I'm making a mask for my df (imported CSV file) based on string comparisons, but it seems that .contains
works, but ==
doesn't.
This mask using .contains
:
mask = (y_train['SEPSISPATOS'].str.contains('Yes')) | (y_train['SEPSHOCKPATOS'].str.contains('Yes')) | (y_train['OTHSYSEP'].str.contains('Sepsis')) | (y_train['OTHSESHOCK'].str.contains('Septic Shock'))
returns this output (note last line):
SEPSISPATOS SEPSHOCKPATOS OTHSYSEP OTHSESHOCK SEPSISPATOS
b'No' b'No' b'No Complication' b'No Complication' 0
b'No' b'No' b'No Complication' b'No Complication' 0
b'No' b'No' b'No Complication' b'No Complication' 0
b'No' b'No' b'No Complication' b'Septic Shock' 1
while this other mask using direct comparison
mask = (y_train['SEPSISPATOS']=='Yes') | (y_train['SEPSHOCKPATOS']=='Yes') | (y_train['OTHSYSEP']=='Sepsis') | (y_train['OTHSESHOCK']=='Septic Shock')
returns:
SEPSISPATOS SEPSHOCKPATOS OTHSYSEP OTHSESHOCK SEPSISPATOS
b'No' b'No' b'No Complication' b'No Complication' 0
b'No' b'No' b'No Complication' b'No Complication' 0
b'No' b'No' b'No Complication' b'No Complication' 0
b'No' b'No' b'No Complication' b'Septic Shock' 0
Wondering if I have bytes of strings rather than Python 3 Unicode strings, I have tried decoding (below).
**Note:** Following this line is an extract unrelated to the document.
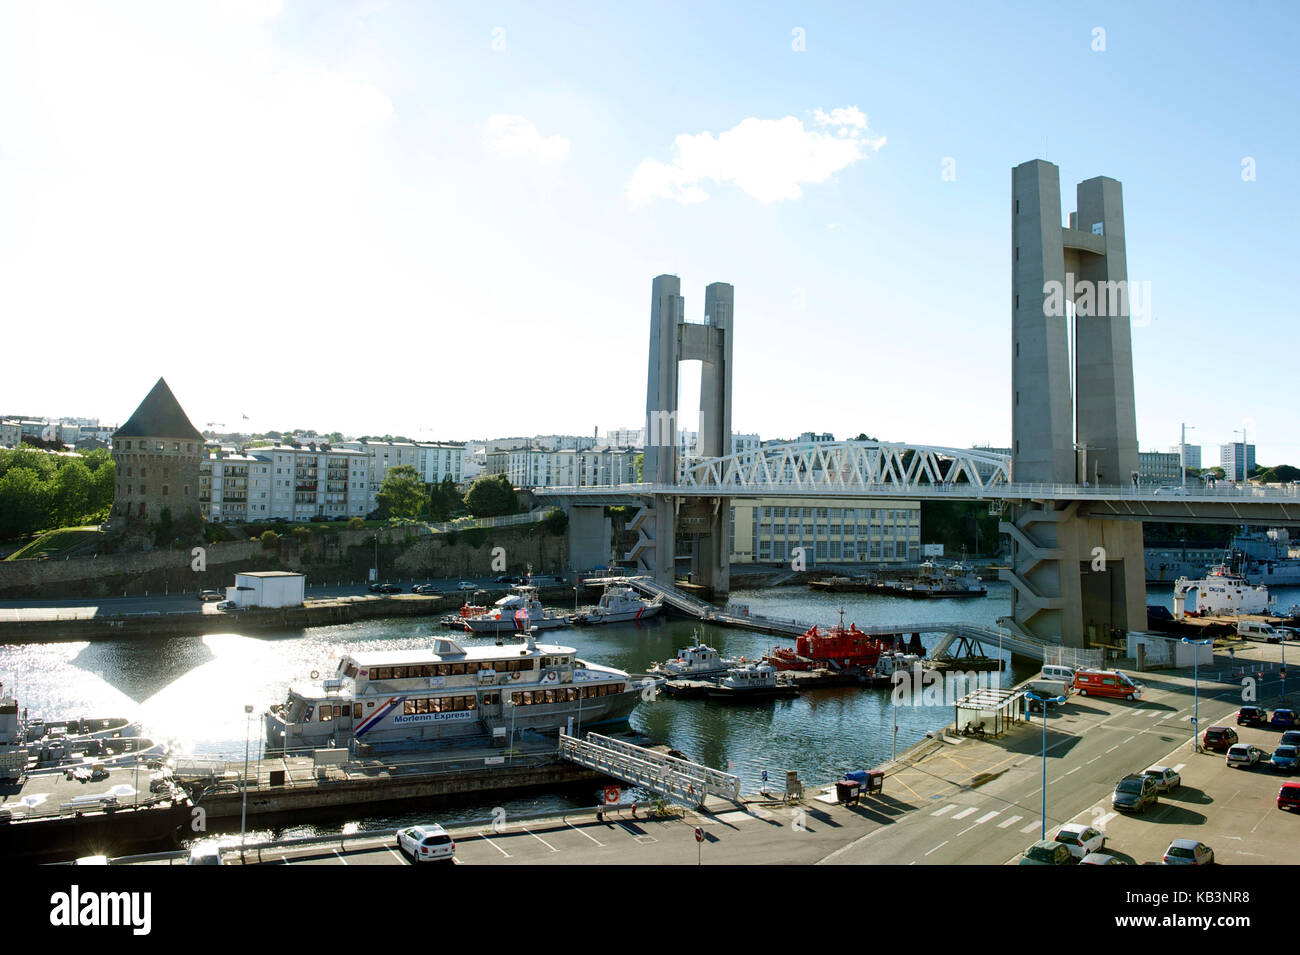 France, Finistere, Brest, Tanguy tower and the Recouvrance Bridge dominates the Penfeld and warships in the Arsenal Stock Photo

I have also tried .str.strip()
. Neither of which worked. I need a fix that will let me use direct comparisons between strings for any columns containing text.
Edit re: utf-8 decoding
NSQIPdf_train = pd.read_csv("acs_nsqip_puf13_2.csv")
str_df=df.select_dtypes([np.object])
str_df=str_df.stack().str.decode('utf-8').unstack()
for col in str_df:
NSQIPdf_train[col] = str_df[col]
y_train = NSQIPdf_train.loc[:,('SEPSISPATOS','SEPSHOCKPATOS', 'OTHSYSEP', 'OTHSESHOCK')]
This further compounded my problem... as the output became:
SEPSISPATOS SEPSHOCKPATOS OTHSYSEP OTHSESHOCK SEPSISPATOS
NaN NaN NaN NaN 0
NaN NaN NaN NaN 0
NaN NaN NaN NaN 0
NaN NaN NaN NaN 0